- [WORK REQUEST] The data below holds a line containing "Schweigen ist Gewalt" and a line containing "Speakers - Loop"; please quote exactly those two lines and every line between them, and nothing else.

*** Opening of DATA FOR THIS TASK ***

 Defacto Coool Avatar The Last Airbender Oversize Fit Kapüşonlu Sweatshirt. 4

*** Close of DATA FOR THIS TASK ***
*** Opening of DATA FOR THIS TASK ***

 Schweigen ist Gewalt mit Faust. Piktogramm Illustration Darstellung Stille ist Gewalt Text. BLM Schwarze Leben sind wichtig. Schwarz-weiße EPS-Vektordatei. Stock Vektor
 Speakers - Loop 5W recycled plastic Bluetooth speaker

*** Close of DATA FOR THIS TASK ***
*** Opening of DATA FOR THIS TASK ***

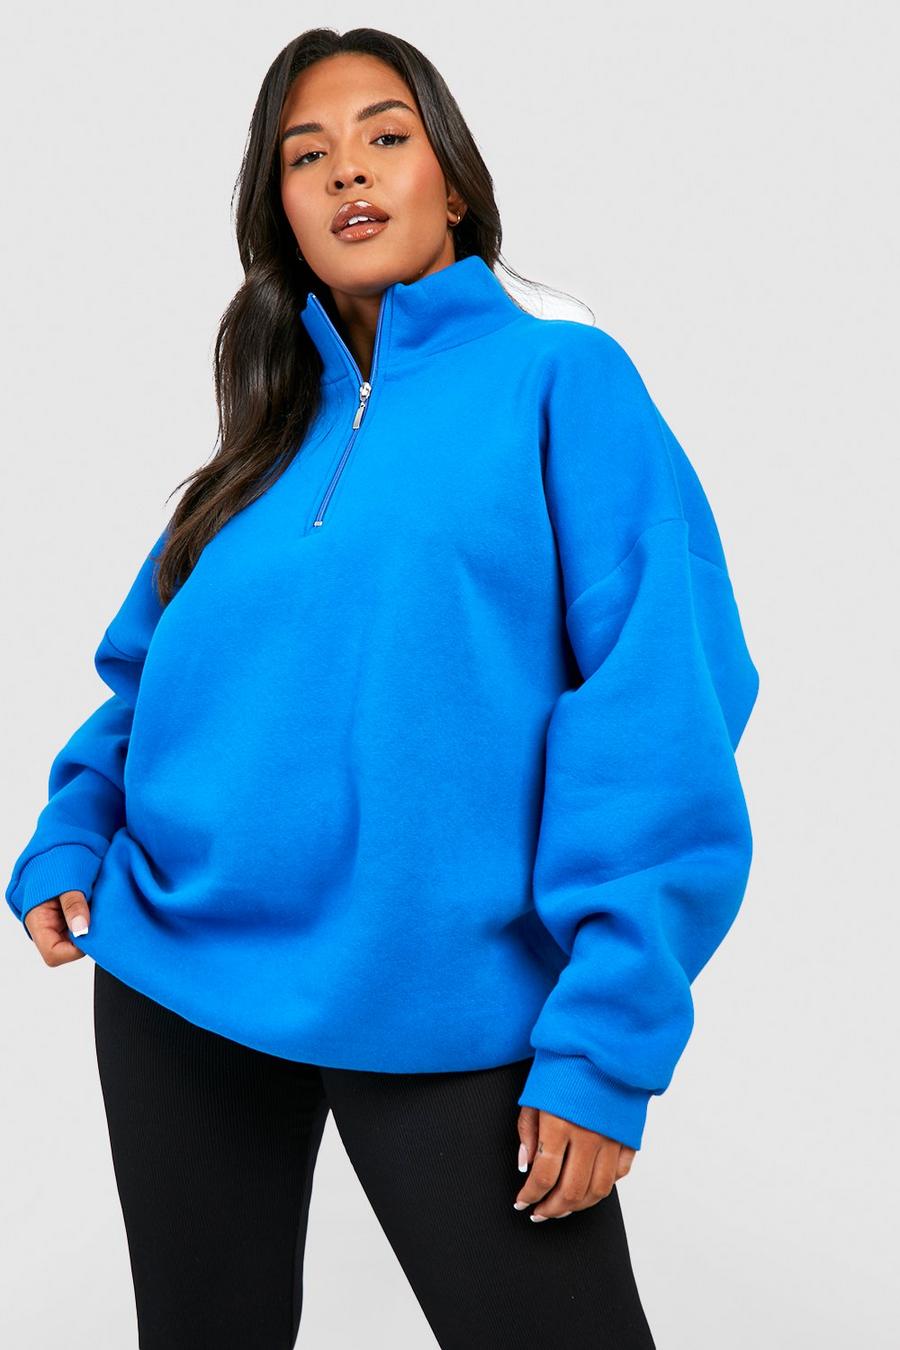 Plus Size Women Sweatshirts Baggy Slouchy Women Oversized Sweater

*** Close of DATA FOR THIS TASK ***

- [RESPONSE TO THIS EXERCISE]
 Schweigen ist Gewalt mit Faust. Piktogramm Illustration Darstellung Stille ist Gewalt Text. BLM Schwarze Leben sind wichtig. Schwarz-weiße EPS-Vektordatei. Stock Vektor
 Speakers - Loop 5W recycled plastic Bluetooth speaker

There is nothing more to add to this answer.